15. However, the respondent’s has vehemently argued that the notice of appeal is incurably defective and fatally incompetent and as such this application should be dismissed. I do not agree with the respondent that a defective notice of appeal would render this application a non-starter. The duty of this court is to ensure that a notice of appeal has been filed by the applicant notifying the respondent that the applicant intends to appeal against the decision of this court. It is for the Court of Appeal to determine whether the notice of appeal is proper or not.
16. Next, this court will examine whether the application was brought timeously. Judgment was delivered in this suit on the September 27, 2021. The application was filed on December 27, 2021, a period of three months.
17. I find that this to be unreasonable delay.
18. The second issue is whether the applicant would suffer substantial loss. In the case of Century Oil Trading Company Ltd vs. Kenya Shell LimitedNairobi (Milimani) HCMCA No. 1561 of 2007 the court stated“The word “substantial” cannot mean the ordinary loss to which every judgment debtor is necessarily subjected when he loses his case and is deprived of his property in consequence.

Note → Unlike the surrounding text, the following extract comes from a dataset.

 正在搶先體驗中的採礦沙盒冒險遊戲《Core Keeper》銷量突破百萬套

That is an element which must occur in every case and since the Code expressly prohibits stay of execution as an ordinary rule it is clear the words “substantial loss” must mean something in addition to all different from that…Where execution of a money decree is sought to be stayed, in considering whether the applicant will suffer substantial loss, the financial position of the applicant and that of the respondent becomes an issue.The court cannot shut its eyes where it appears the possibility is doubtful of the respondent refunding the decretal sum in the event that the applicant is successful in his appeal. The court has to balance the interest of the applicant who is seeking to preserve the status quo pending the hearing of the appeal so that his appeal is not rendered nugatory and the interest of the respondent who is seeking to enjoy the fruits of his judgment.”

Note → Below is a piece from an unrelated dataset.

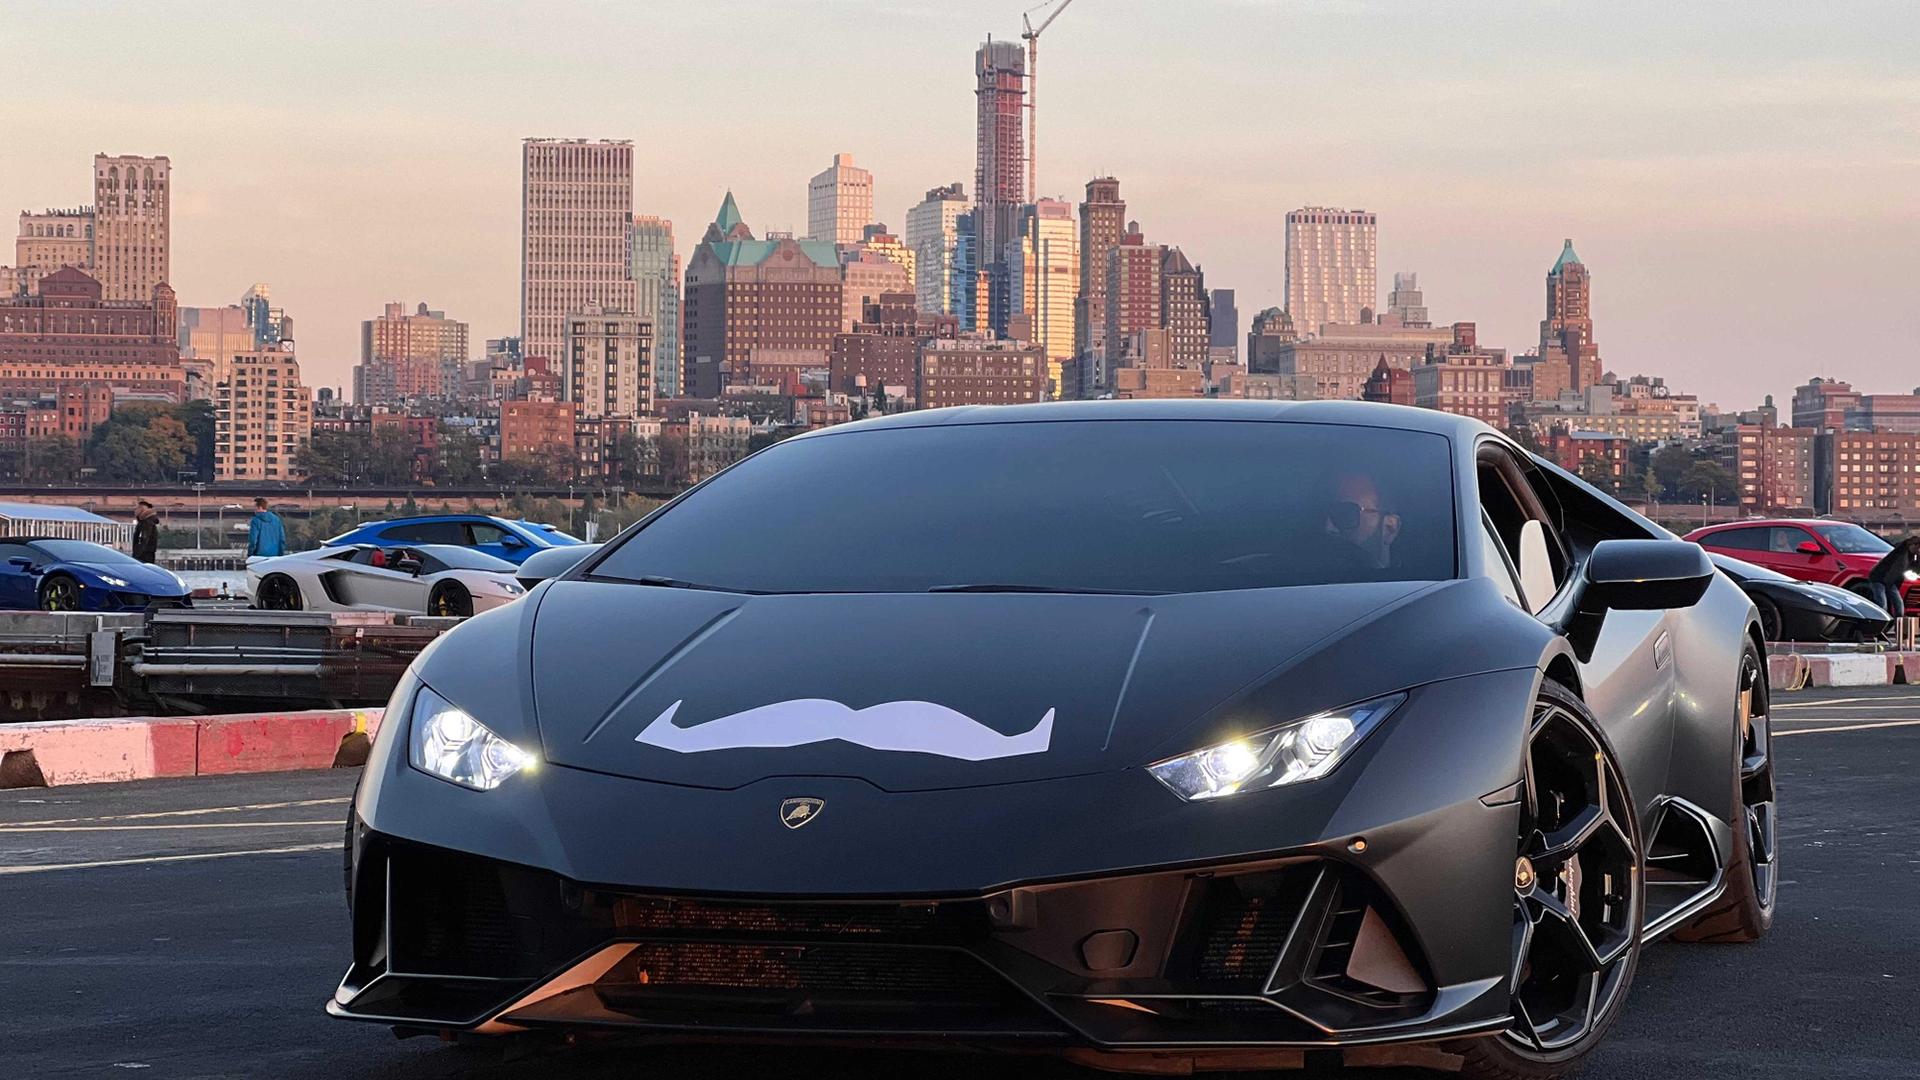 A Lamborghini in New York

19. The applicant should not only state that he is likely to suffer substantial loss but he must also prove that he will suffer loss. The applicant submitted that it will have to satisfy the decree using its clients deposits which will occasion the applicant significant hardship. The kind of loss it stands to suffer, according to the applicant, is that the applicant will have to look for funds to repay the respondent plus the interest as ordered by the court.
20. Does this then count as substantial loss? Save for mentioning that it will have to satisfy the decree using its clients deposits which will occasion the applicant significant hardship does not tender any evidence to show the nature loss it is likely to suffer should an order of stay be denied. I therefore find that no evidence of substantial loss has been adduced by the applicant to warrant the orders of stay.
21. As regards the issue of security, the applicant submitted the it was ready and willing to provide security for due performance of the decree including depositing the entire decretal sum in a joint interest earning account pending the hearing and determination of the appeal.
22. It is this court’s view that the three essential conditions for grant of stay of execution that is , the timeous filing of the application, the proof of substantial loss, and the security for due performance must in this court’s view exist as a full combination and failure to prove one ground is fatal to the application for stay.
23. Having found that the applicant has not established before this court that it has an arguable appeal and would suffer substantial loss, the application dated 27/12/2021 therefore lacks merit and the same is hereby dismissed with costs.